As a temporary roof solution, Bruntz used an external water sealant. However, testing appliances create humidity, and without a properly insulated roof, the humidity would turn into indoor rain. This would ultimately ruin the facility’s ceiling over time. Bruntz wanted a long-term solution to reduce his energy costs and improve the comfort of his employees’ work environment.
Closed-cell spray polyurethane foam was installed throughout the roof of Springboard Engineering’s 40,000-square-foot building. The project was split into two phases. When complete, the foam increased the facility’s R-Value to 17, up from its initial R-Value of 3. The foam has among the highest R-Values of available insulation options and provides an efficient air barrier, low moisture vapor permeability and high resistance to water. (Insulating effectiveness is rated on thermal resistance or resistance to heat flow, known as “R-value.” The R-value is a factor of the type of material, its thickness and its density. The greater the R-value, the greater the insulation’s effectiveness.)
Springboard Engineering worked with Pella Roofing & Insulation, Inc. to submit a project proposal to us for approval to participate in the Commercial Custom program. Our reviewed the project’s cost and energy savings to determine program eligibility.
For the first phase, spray foam was installed in the front of the structure where offices for administrative and engineering personnel are located. The first phase of the project was completed in November 2008, and the entire process — including applying for the rebate, installing the insulation and receiving the rebate — took about a month and a half.
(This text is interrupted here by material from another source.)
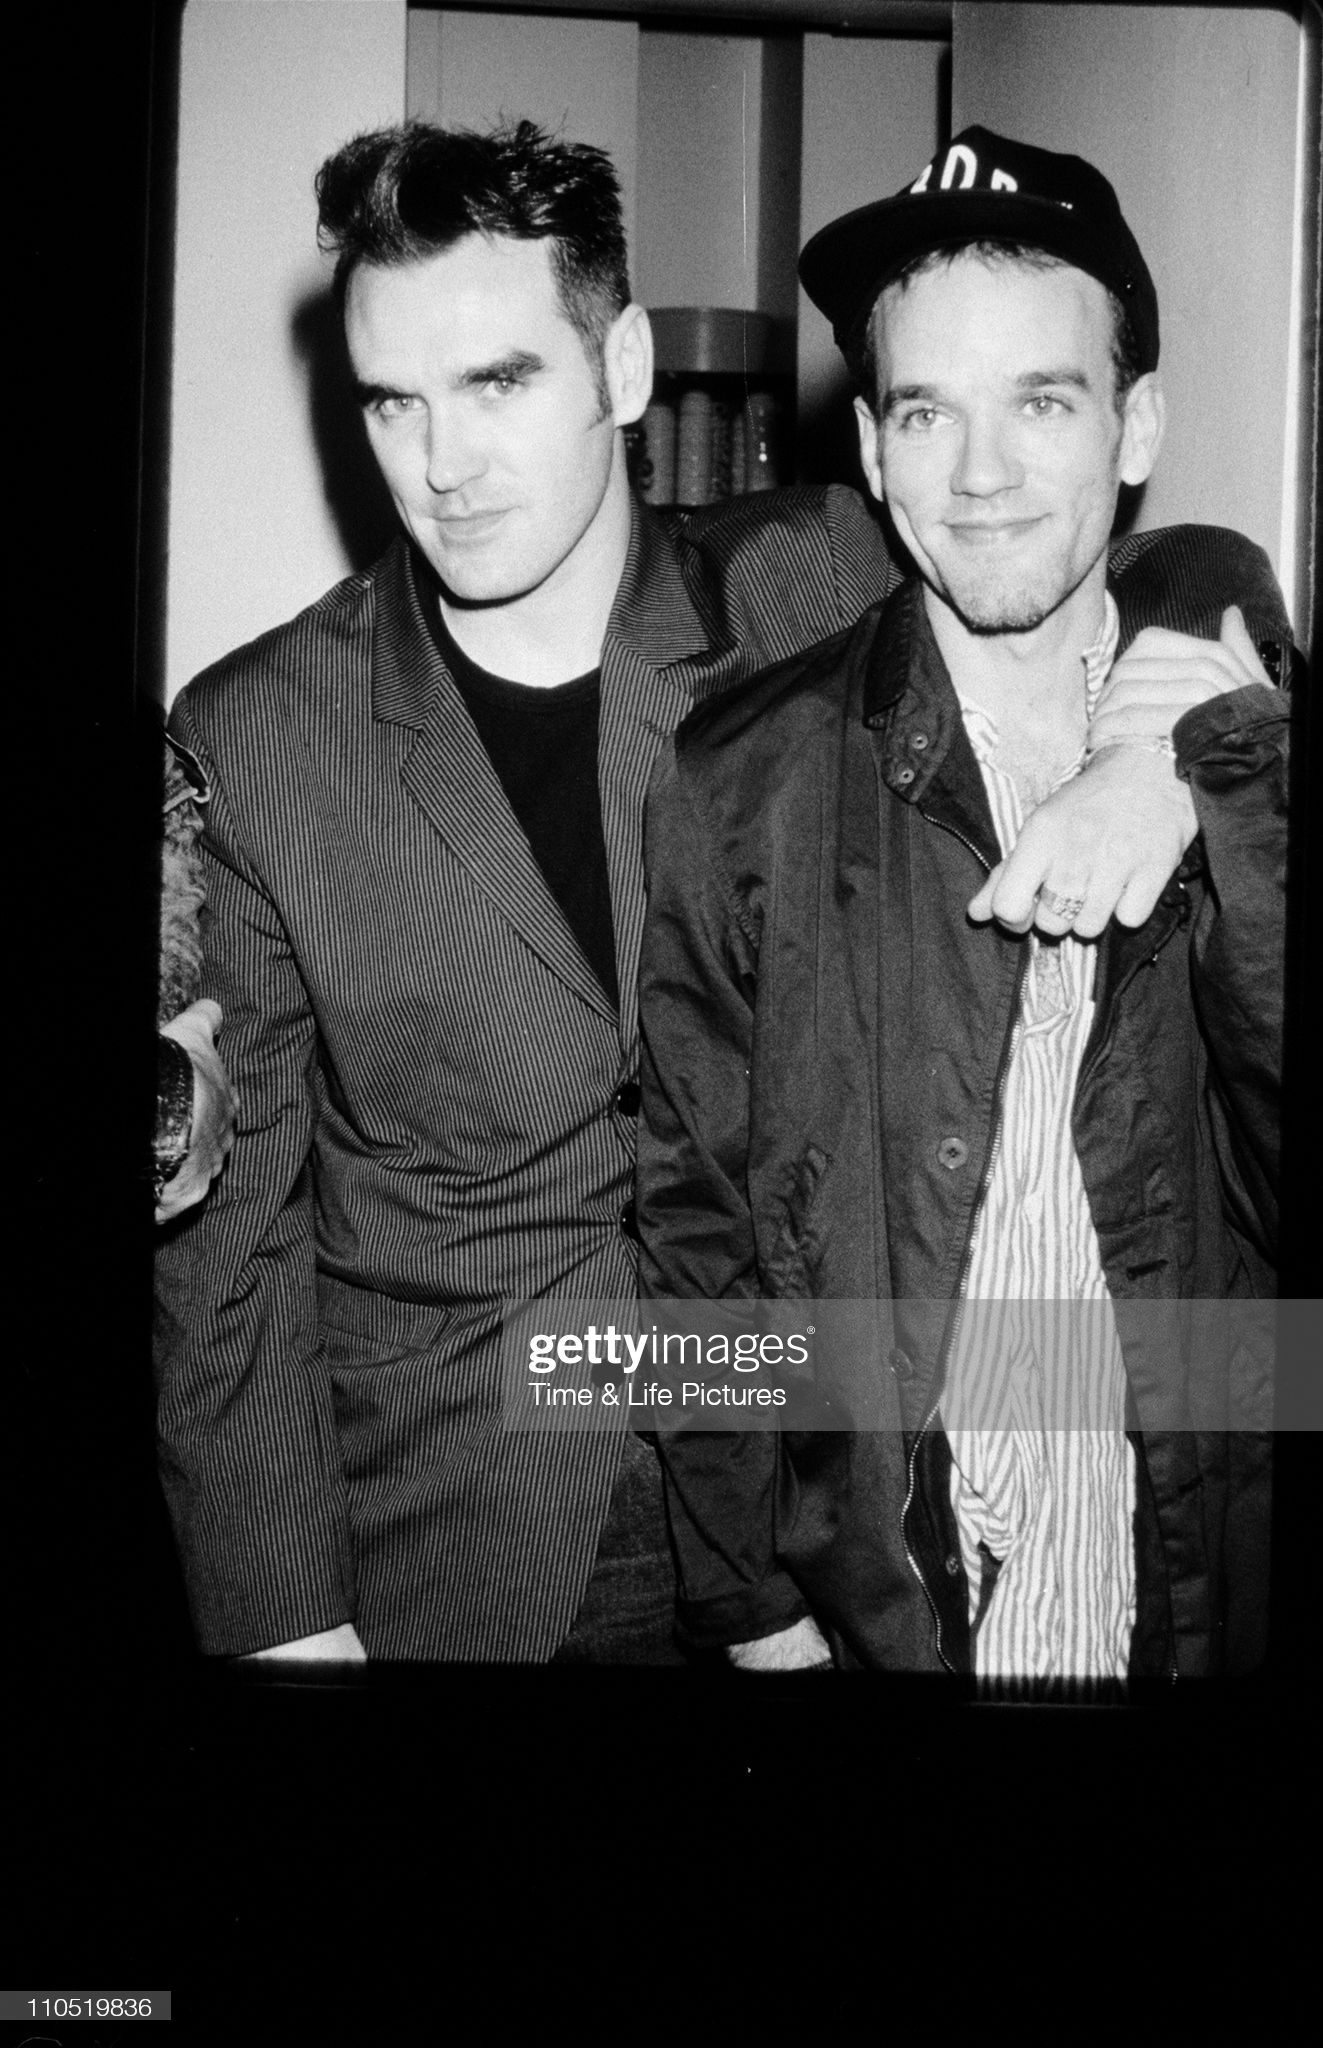 Moz&Michael.jpg

The second phase of the project was a similar process. Roof insulation was installed on the west end of the structure where the appliance and product testing areas are located. Bruntz applied for another rebate for the second phase, and after completing the work, received a rebate check from us just a few weeks later.
For both phases, a reflective coating was added over the top of the spray polyurethane foam. Adding this coating to Springboard Engineering’s galvanized metal roof reduces the roof’s temperature — by as much as 30 to 40 degrees — which reduces the demand load on the high-velocity air conditioning units during the summer months.